RFM helps sift your customers into useful segments

There are dozens (hundreds?) of ways to know your customer (KYC). Some brands love personas. Others will get to know shoppers IRL in stores. For marketers, there’s one foundational KYC tenet: RFM.


RFM – Recency, Frequency, and Monetary – is everyday segmentation.


In the old days of direct marketing, there was a real cost constraint. Postage and printing carried a real cost, and your budget would allow you to ship only so many books (catalogs) and cards (postcards).


Carefully selecting an audience for a mailing was a battle. RFM was your ally.


Typical RFM schemes saw quintiles by part (R, F, and M), with the most audience allocated at the intersection of the top few Rs, Fs and some remnant Ms.
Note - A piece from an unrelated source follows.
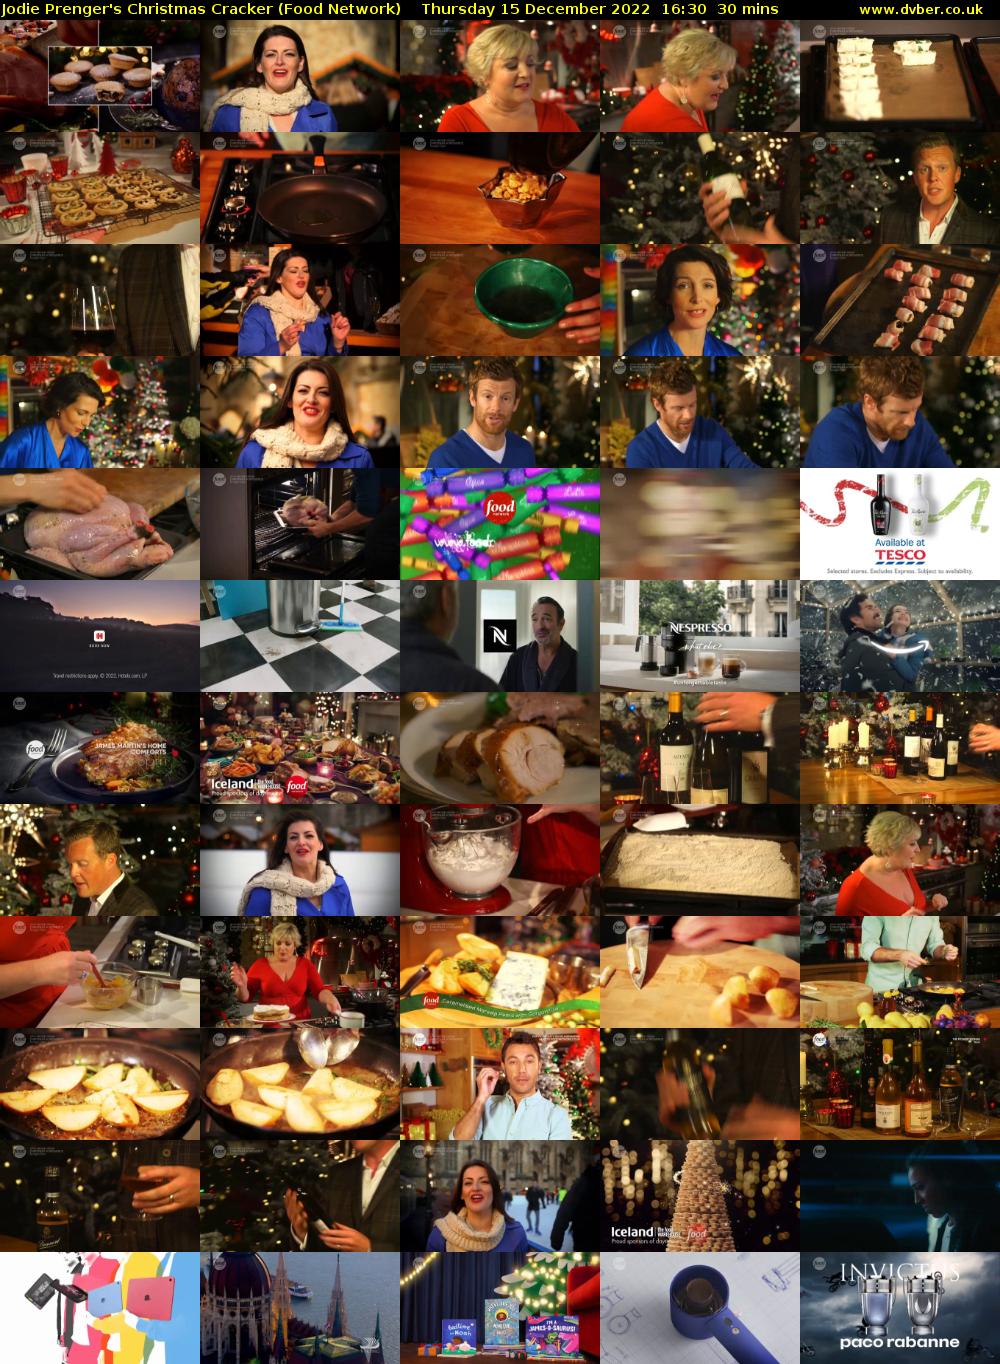 Jodie Prenger's Christmas Cracker (Food Network) Thursday 15 December 2022 16:30 - 17:00

The top cells earned the full glossy catalog. 


The 4 segments put forth from Signifyd (this particular graphic for electronics) is a good starting point for segmentation and contact strategy: knowing how much revenue shopper groups contribute - and grouping those along recency and frequency means.


RFM is a marketing standard. However, it has been largely retired across DTC. 


As economic pressures mount on DTC brands, though, activating your known shoppers is moving to the spotlight, and those brands that can successfully re-appropriate segmentation into their programs will be positioned to thrive (or, simply to survive).